Silver futures for March delivery surged 2.6 percent to $31.007 an ounce on the Comex, the biggest increase since Nov. 6.
Platinum futures for April delivery gained 1.7 percent to $1,568 an ounce on the Nymex, the biggest gain since Nov. 23.

Copper Advances in New York Following U.S. Budget Accord (Bloomberg)
Industrial metals rallied to a three- month high, leading commodities higher, as a U.S. budget agreement that averted higher taxes and spending cuts brightened the outlook for demand.
The House approved a measure skirting income-tax increases for most households in the country, the world’s second-largest metals consumer. President Barack Obama said he would sign the bill into law. Global equities advanced, and lead, aluminum and nickel led gains on the Standard & Poor’s GSCI Spot Index (LMEX) of 24 raw materials. Copper rose the most in more than three months.
“This does help growth prospects, because if the tax increases went into play, it definitely would have taken a huge chunk out of gross domestic product,” Bill O’Neill, a partner at Logic Advisors in Upper Saddle River, New Jersey, said in a telephone interview. “We’re looking for improved demand this year for industrial metals.”
Copper futures for delivery in March increased 2.3 percent to settle at $3.736 a pound at 1:22 p.m. on the Comex in New York, the biggest gain since Sept. 14. China is the largest metals consumer.
On the London Metal Exchange, copper for delivery in three months climbed 3.5 percent to $8,209 a metric ton ($3.72 a pound).
The metal advanced 4.4 percent in 2012 on the LME, the third gain in four years, helped by forecasts for supply to lag demand. Copper inventories tracked by the exchange declined 14 percent in 2012, the third straight contraction.
The LMEX Index, which tracks the six primary metals on the exchange, settled at 3,581.7, the highest since Sept. 14.
Tin surged as much as 4.7 percent today, rising to the highest since February and leading gains among the London exchange’s six main metals. Lead reached $2,439 a ton, the highest since September 2011. Aluminum, zinc and nickel also increased.

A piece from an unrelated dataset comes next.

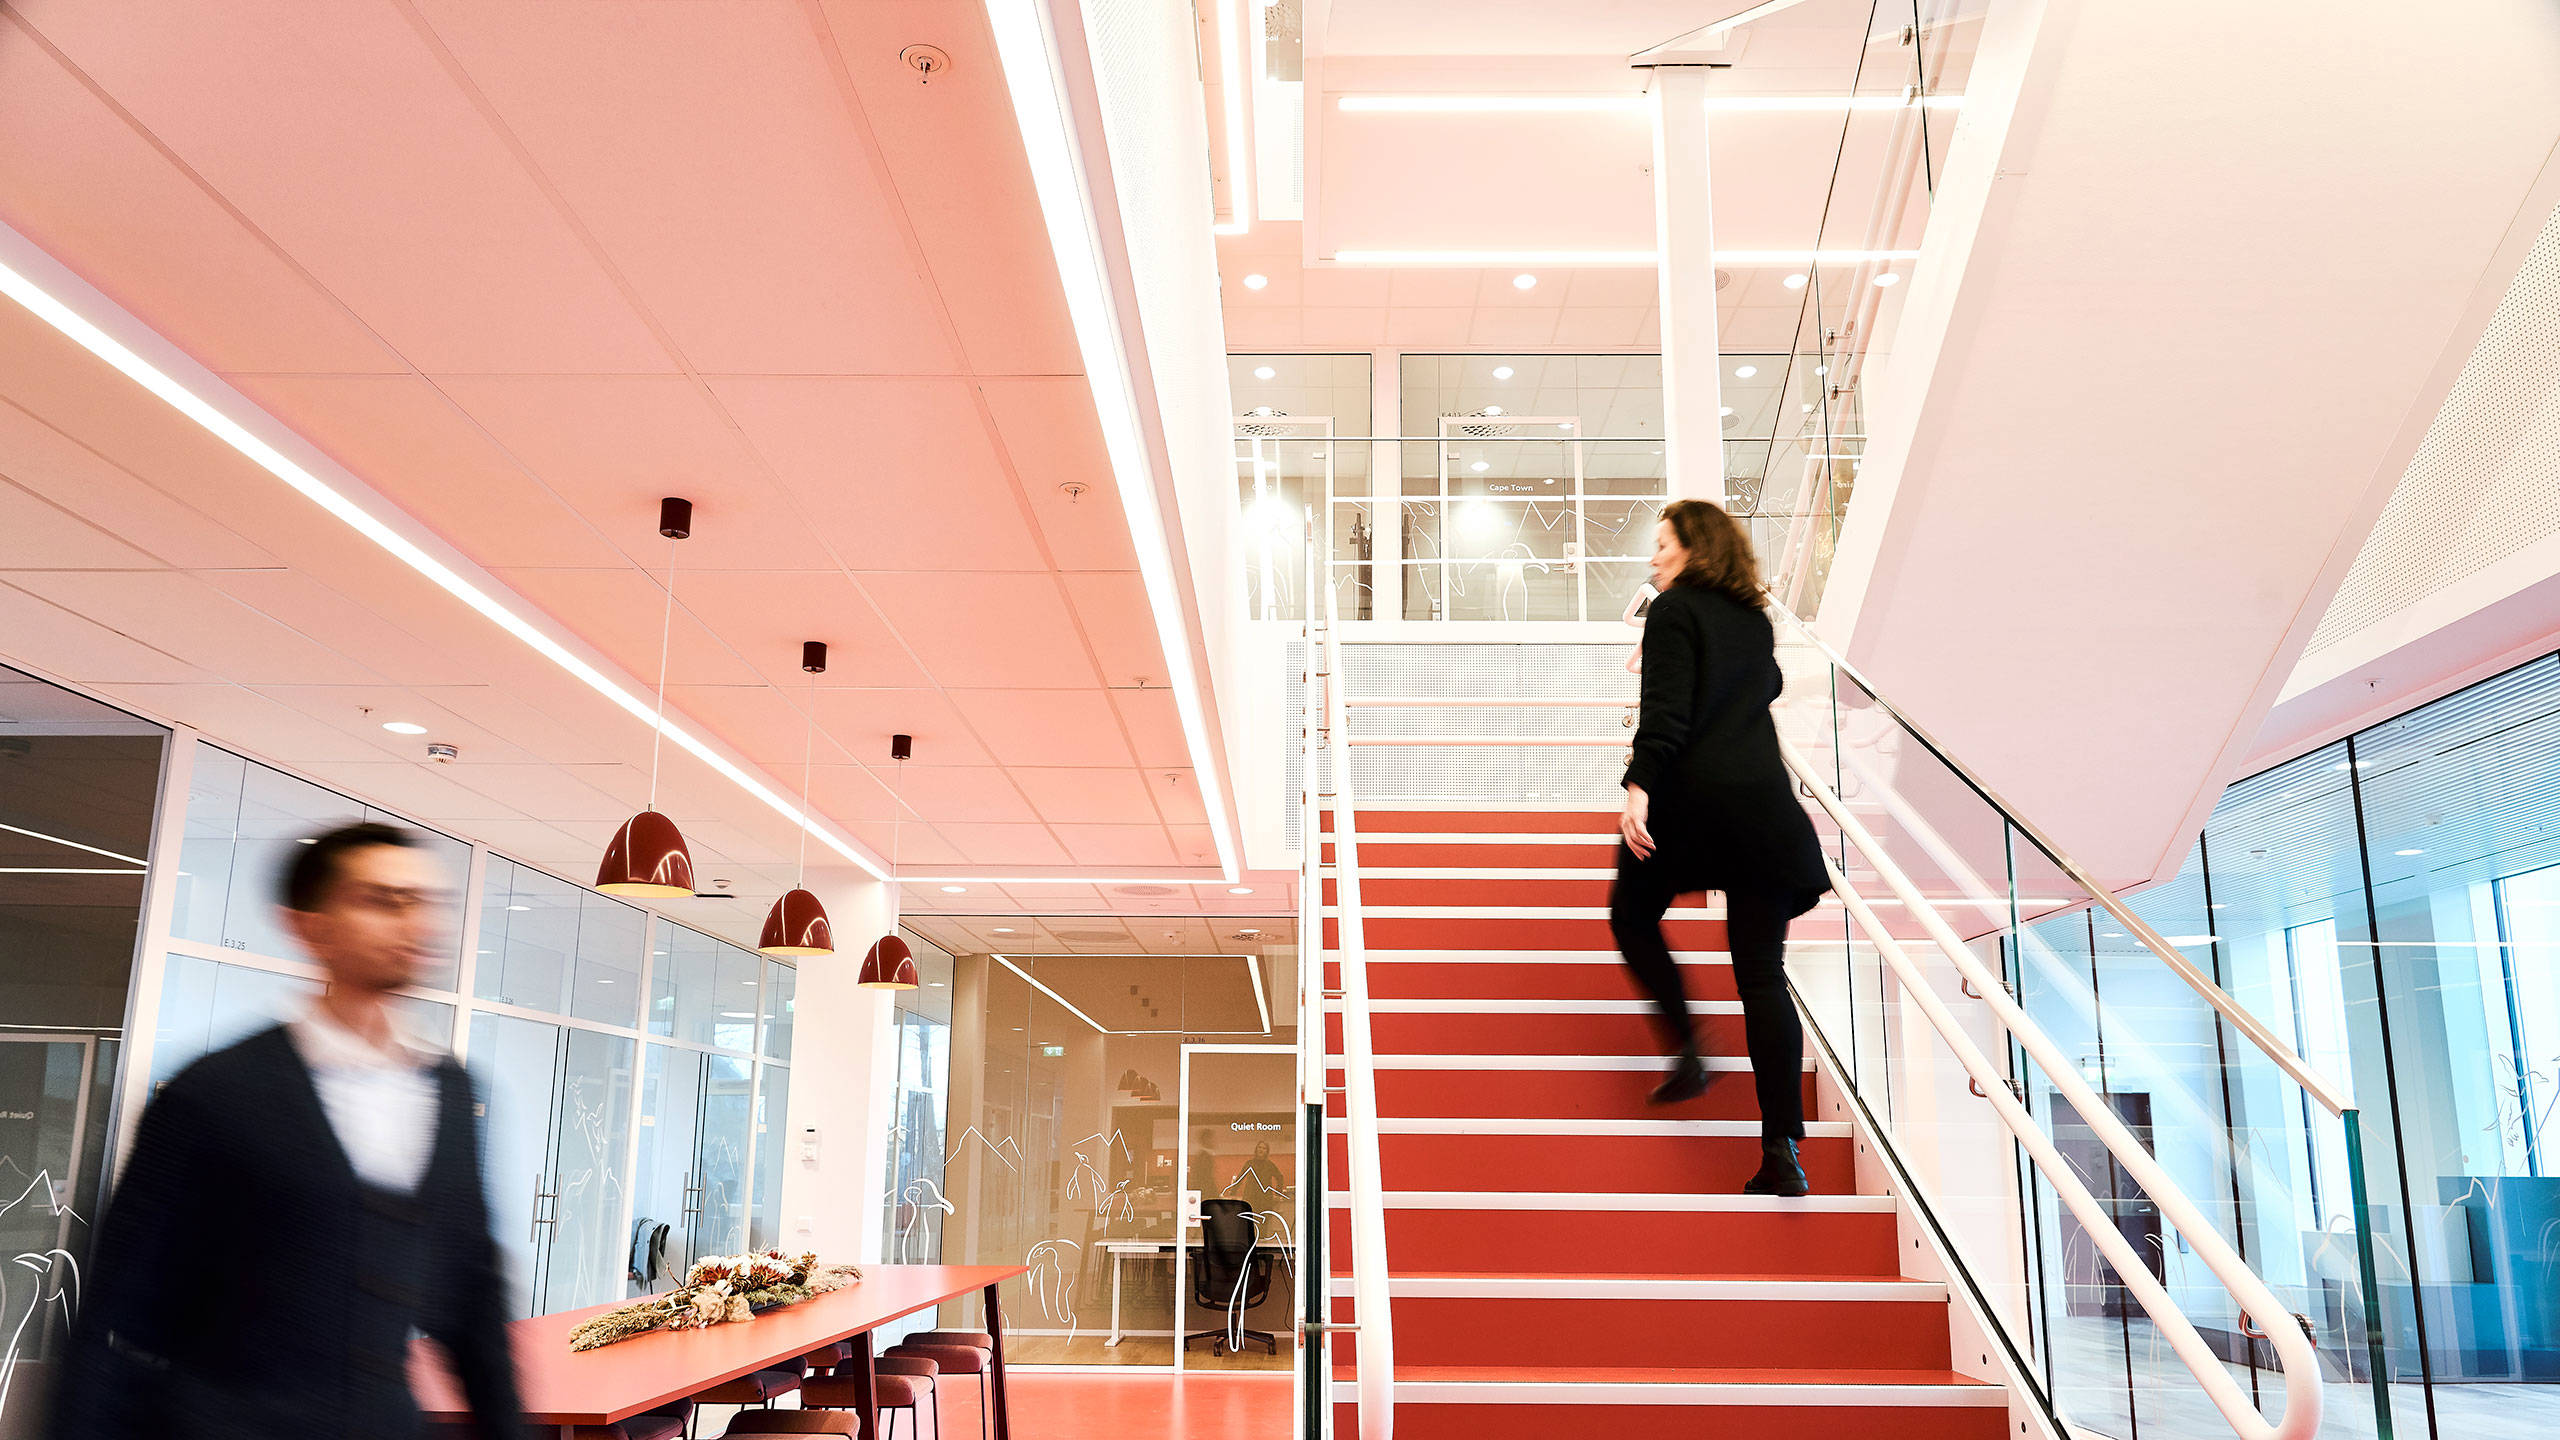 People walking in the stairs at Jotun's office in Sandefjord, Norway

Silver Market Recap Report (CME)
The silver market began the year with a significant rally, with prices climbing far above their late December trading range by the close of Wednesday's session. Some traders felt that silver has acted more as a physical commodity than as a safe-haven asset this week, so the removal of fiscal cliff anxiety is widely felt to have provided significant strength to silver prices. Other traders noted that March silver was able to climb back above its 200-day moving average, which they felt may provide additional support for the market.

Gold Market Recap Report (CME)
The gold market was able to build on overnight strength, and started out 2013 by posting sizable gains and by rallying up to a new 2-week high. Last night's approval of the fiscal cliff bill was seen by many traders to have provided a sharp early boost to global risk sentiment that lifted gold and other metals markets, although some traders felt that gold's flight-to-quality status at the end of last year may have limited further gains during today's trading. A report that India may enact additional curbs on gold imports was seen by some traders as an additional positive factor for the market. A recovery rally in the Dollar due to ongoing Euro zone anxiety was seen by other traders to have weighed on gold prices later on during today's session.